Use Ngrok for Testing APIs on Dev

Recently I was hastily building an API for a client and I wanted to run some tests against it. I’ve written before about using Runscope for API testing, but this was against a local dev platform (inside a VM, not directly on my laptop) rather than a public API. The same problem arises if you want to access a local site or API from elsewhere or from a mobile device. In all these scenarios, ngrok is your friend.

Ngrok allows you to create a secure tunnel from wherever to the outside world, so it’s ideal for testing development APIs and I use it often for this type of thing. I also use it for debugging things that don’t need to be tunnelled particularly – ngrok provides a web interface which allows you to inspect traffic and replay requests (I’ve blogged about ngrok before, I use it with hubot for local development).
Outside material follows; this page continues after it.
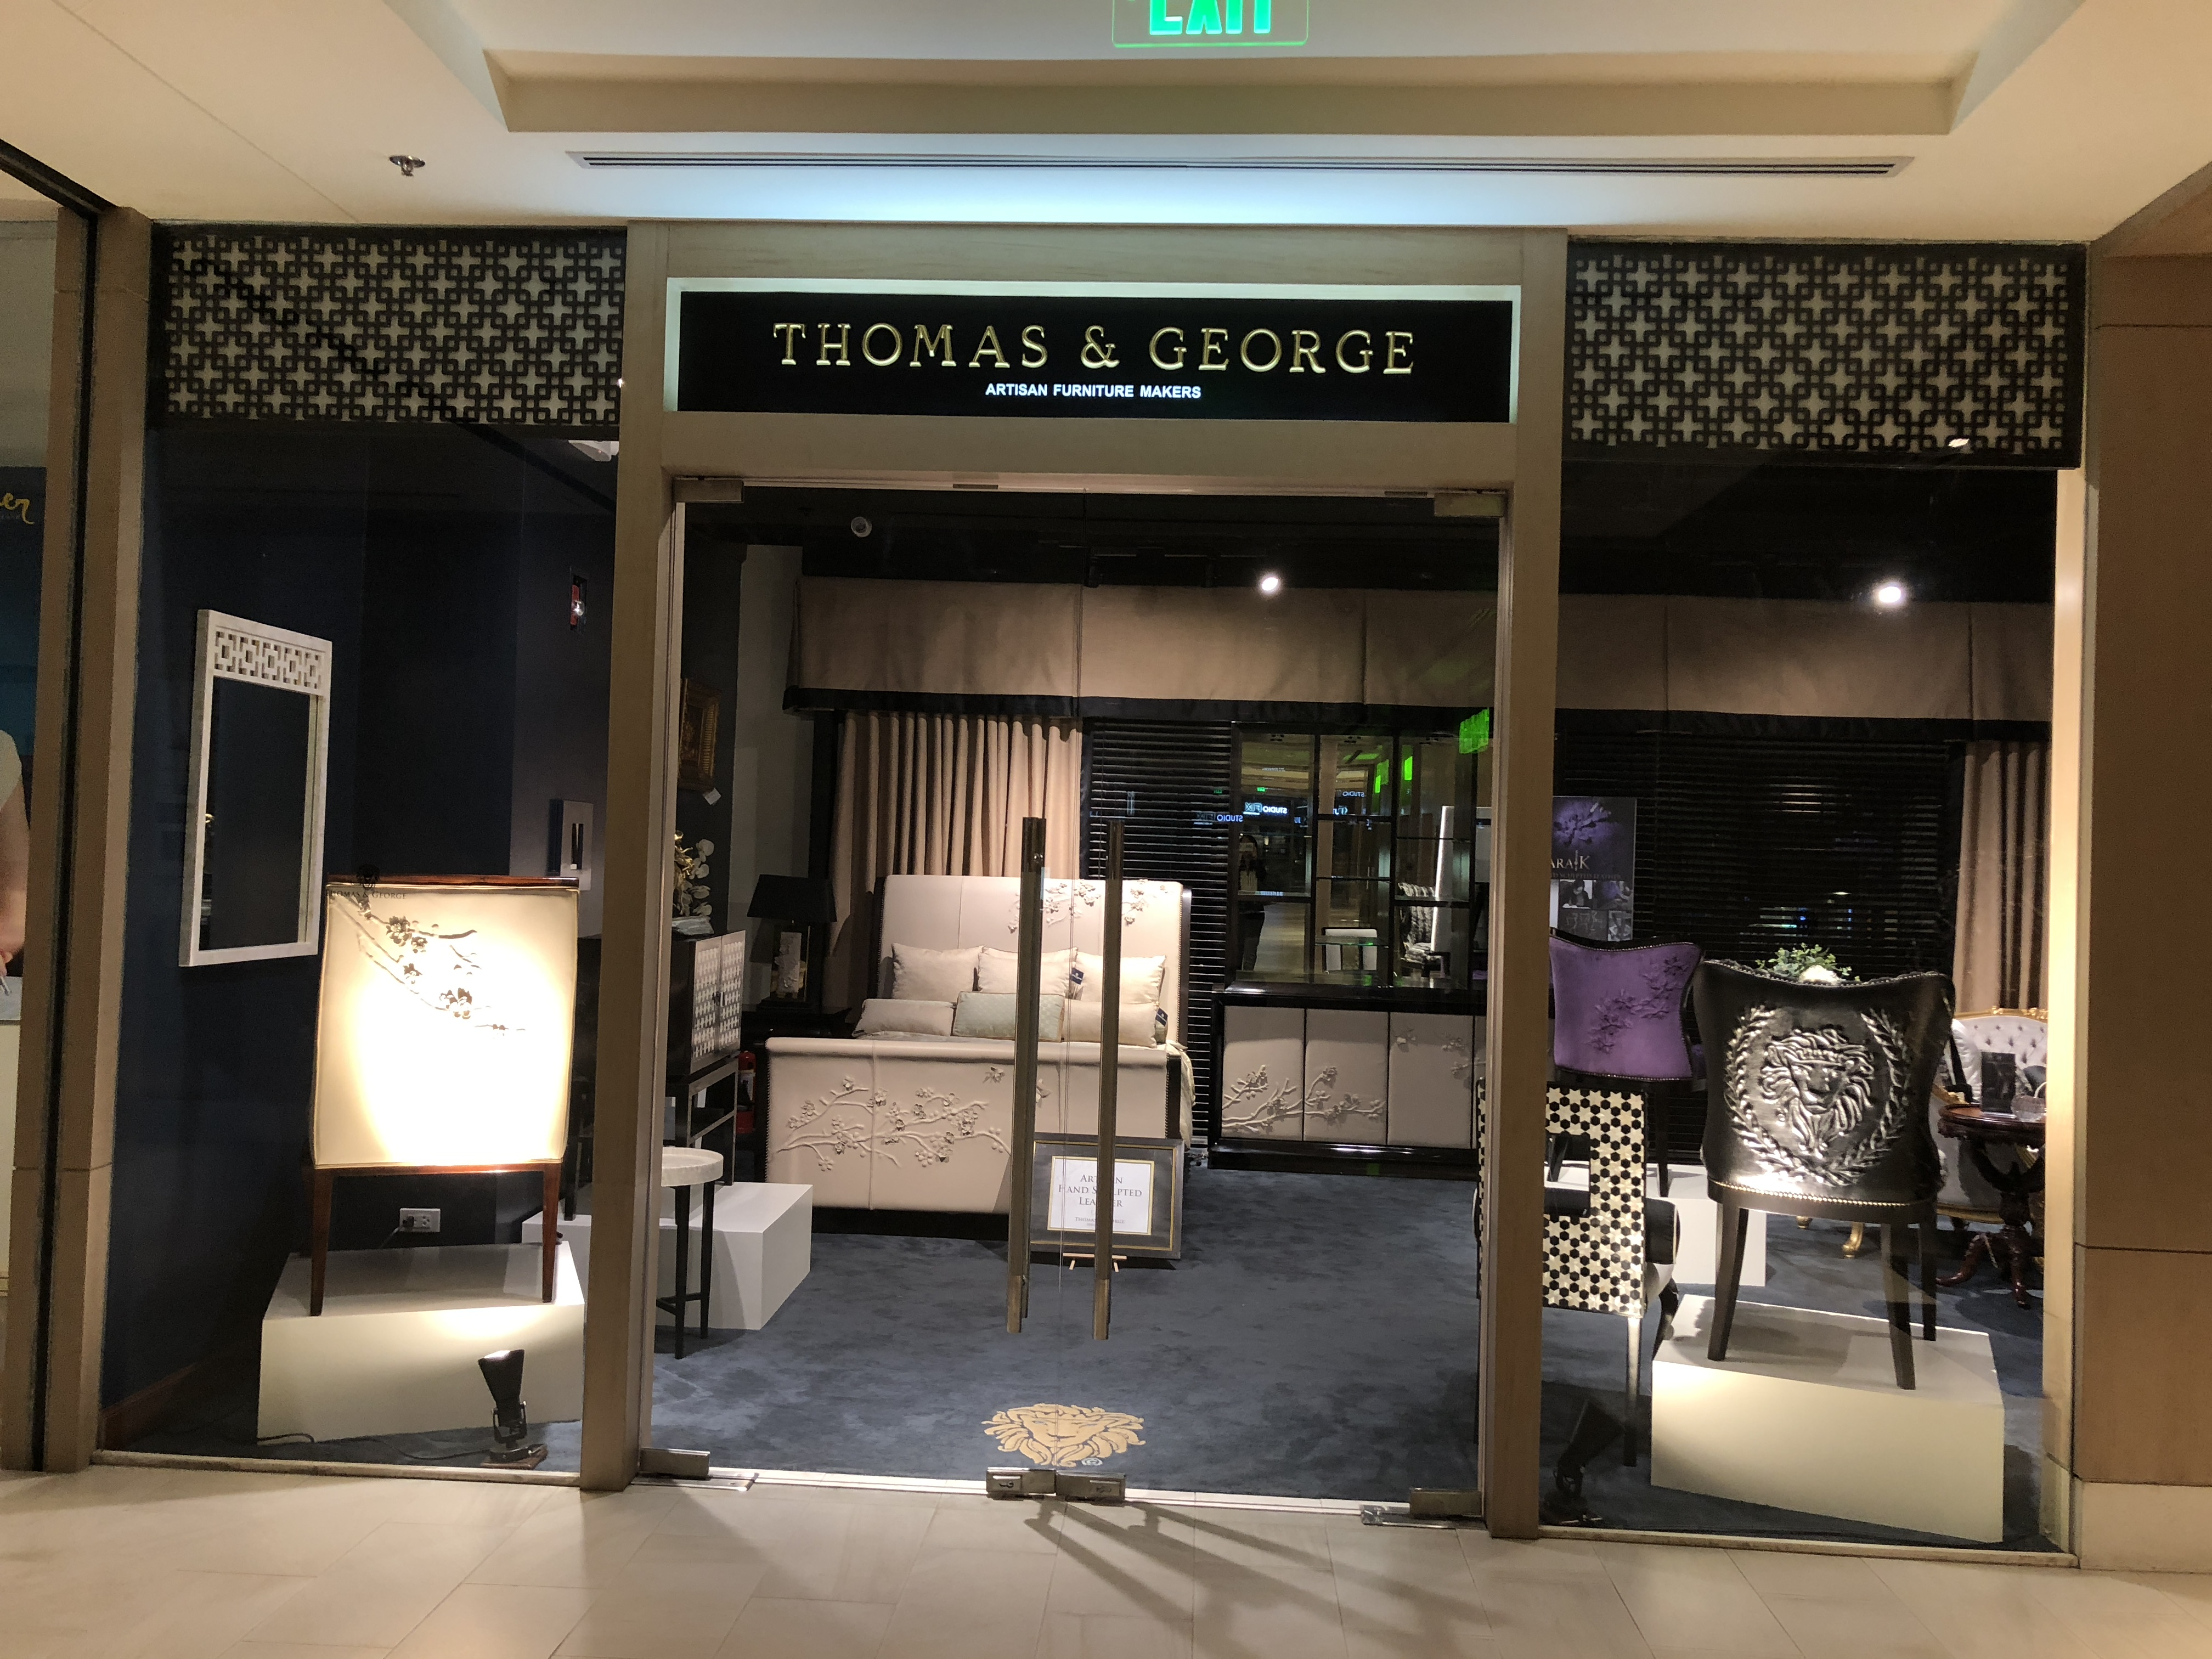 Retail Sales & Marketing from Thomas & George Fine Furniture Inc.

One thing which did trip me up and that I’d like to remember how to do in future, is how to set the Host header when using ngrok. You can’t send a Host header when you create the request, because ngrok routes traffic by host header, but what you can do is instruct the tunnel what the Host header should be set to, and it will do that on the way through. The command looks like this:

ngrok http --host-header=example.mysite.local 80

This opens an HTTP tunnel to port 80 (on my VM) to the outside world (ngrok assigns you a random URL) and to add the Host: example.mysite.local to the request as it comes through. For my local development server which uses the Host header to work out which apache vhost to use, this works really well. Using this approach I was able to develop and run my runscope tests against the local version of the API, and then change the environment settings and test again when we deployed to the other “real” platforms.